Life in Grenoble

Life in Grenoble

Friday, May 16, 2014

Zoe describes the life of a Grenoblois

Ok, so I’ve spent a bit of time here in Grenoble now… I’m getting to know life here and I’ve been integrating into French culture and what goes on in daily French life.

Obviously, there are regional differences when it comes to France – Grenoble is no different. You’ll find that no two French regions are quite the same – each city has its own culture and lifestyle. Grenoble, being right at the foot of the Alps (they don’t call it the Capital of the Alps for nothing) has a distinct way of life that is almost exclusive from its location and neighbors.

The city isn’t without its charms and quirks, so here’s the lowdown on some of the things that get to you over time.

So, without further ado… You know you’re living in Grenoble when:

You know to pack a raincoat… even when it’s scorching – Sadly, wearing shorts just because the day started off at 65 degrees is not going to cut it. Believe me, when you least expect it, the heavens will open and you’ll get caught out. The rain can arrive suddenly off the mountains and for the first few weeks it will catch you out. No matter, because after a while you’ll have learnt to pack that raincoat or umbrella just in case.

You remember that a coffee is just an espresso – For a little time, you will forget this. You’ll ask for a coffee and you get a little thimble. No, I really didn’t pay nearly 2 euros for something that you could drink in one shot. Eventually, you’ll learn that you need to ask for an ‘allongé’ to get anything larger than something fit for a small rodent.

This is common all over France but especially true of Grenoble, where in the winter months all you want is a nice large coffee to warm you up…

You know the difference between Gratin Dauphinois and Tartiflette – Grenoble locals will almost be offended if you confuse the two. Everyone round here obviously knows that the latter has got bacon in it and it comes from the local area. Tartiflette is a local specialty and is almost a regional pride kind of thing. Speaking of which….

You understand that Chartreuse is to be consumed carefully – The first time someone offers it, you love the idea of having one of them – it’s like tequila, right?
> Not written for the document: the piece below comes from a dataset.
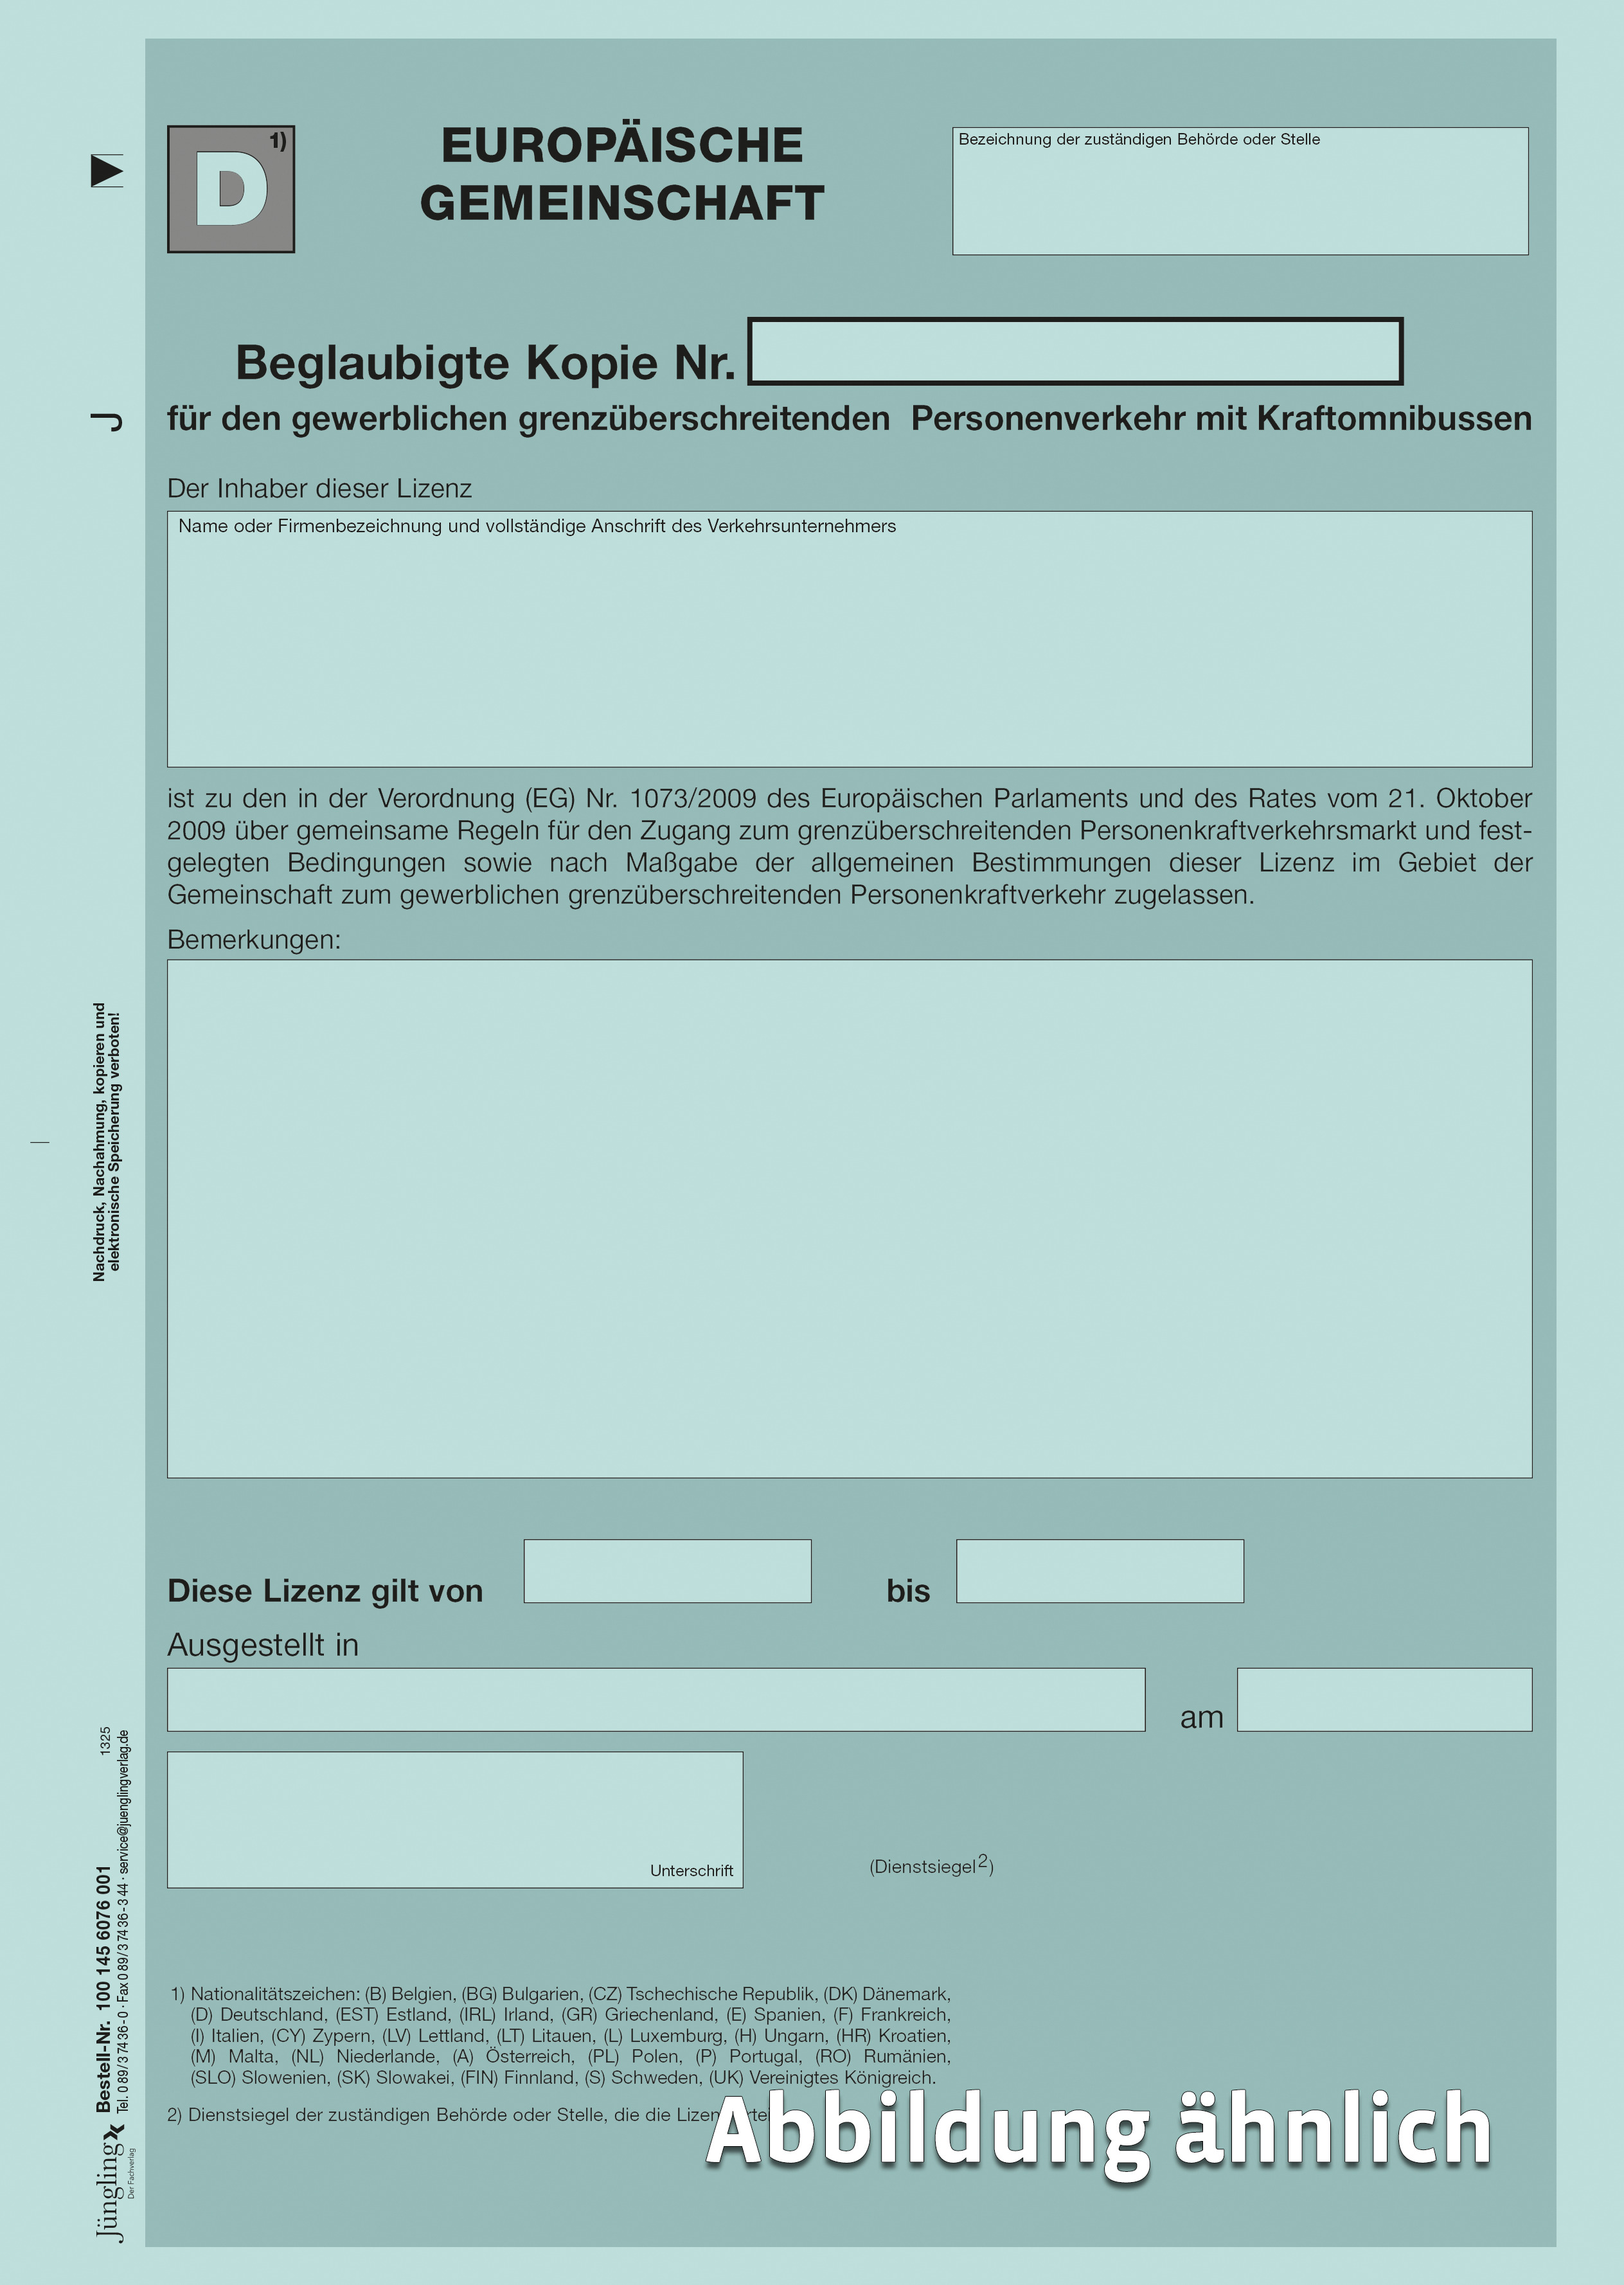 EU-Lizenz für den gewerblichen grenzüberschreitenden Verkehr mit KOM  (beglaubigte Kopie), Pantone hellblau 290c, A4 (Variante mit
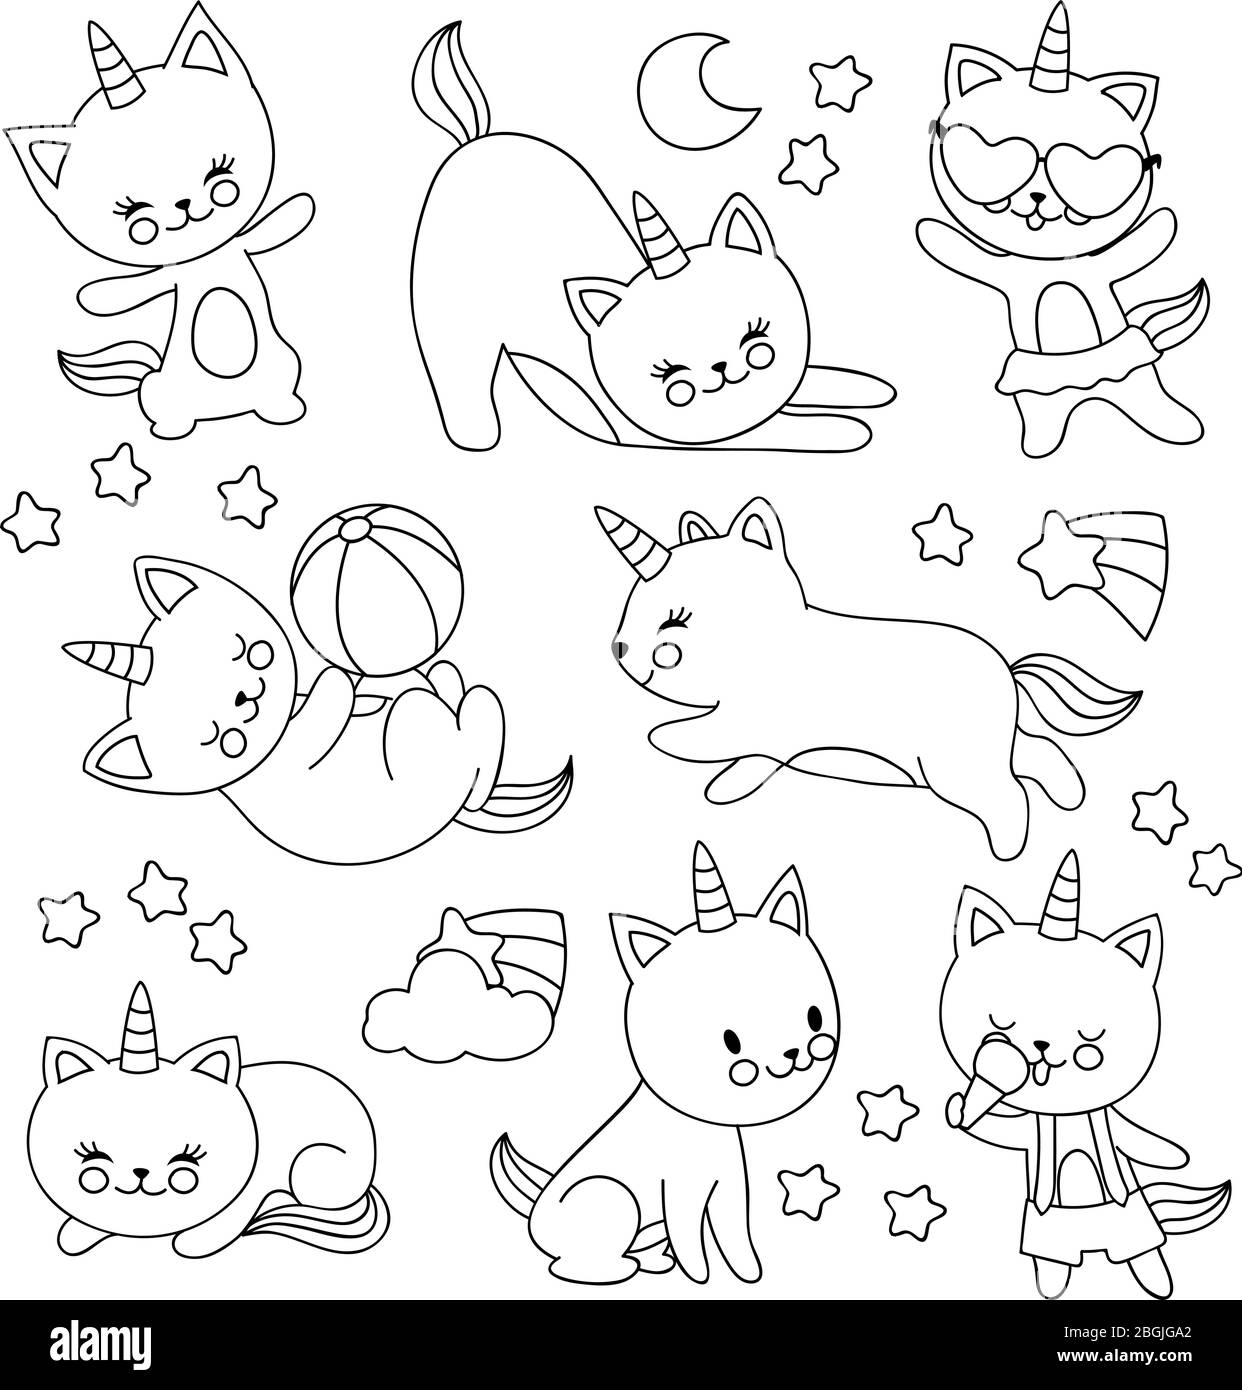 Handgezeichnete niedliche fliegende Einhorn Katzen. Vektor Cartoon Zeichen für Kinder zum ausmalen Buch. Katze Einhorn Zeichnung, Haustier mit Horn lineare Abbildung Stock Vektor

Nope. Next thing you know, you wake up in the morning with a colossal headache wondering why this is happening to you.

Chartreuse is to be enjoyed sparingly – the odd error of ‘one too many’ will serve as a very timely reminder to you.

You know every tram and bus stop within a three mile radius including their schedules– At first it confuses you no end… I mean, the wide range of options to get from A to B is baffling and the way you pay looks all strange. However, once you get yourself a pass and you begin to understand where all the stops are, everything else becomes really easy. You’ll even be able to imitate the female announcer’s voice for each stop on the tram.

The walk up the Bastille ‘isn’t that bad’ – Once you’ve been up the first time, you realize it isn’t so bad. Honest.

You get annoyed by all the skiers clogging up the trams in the skiing season – You wouldn’t think there could be so many skiers on planet earth, could you? Nope, you’re wrong. They ALL descend on the city for their skiing breaks and they make life impossible for the average resident.

You can be sunburnt and frostbitten all in the space of a week – I’m ridiculously pale. You get the idea.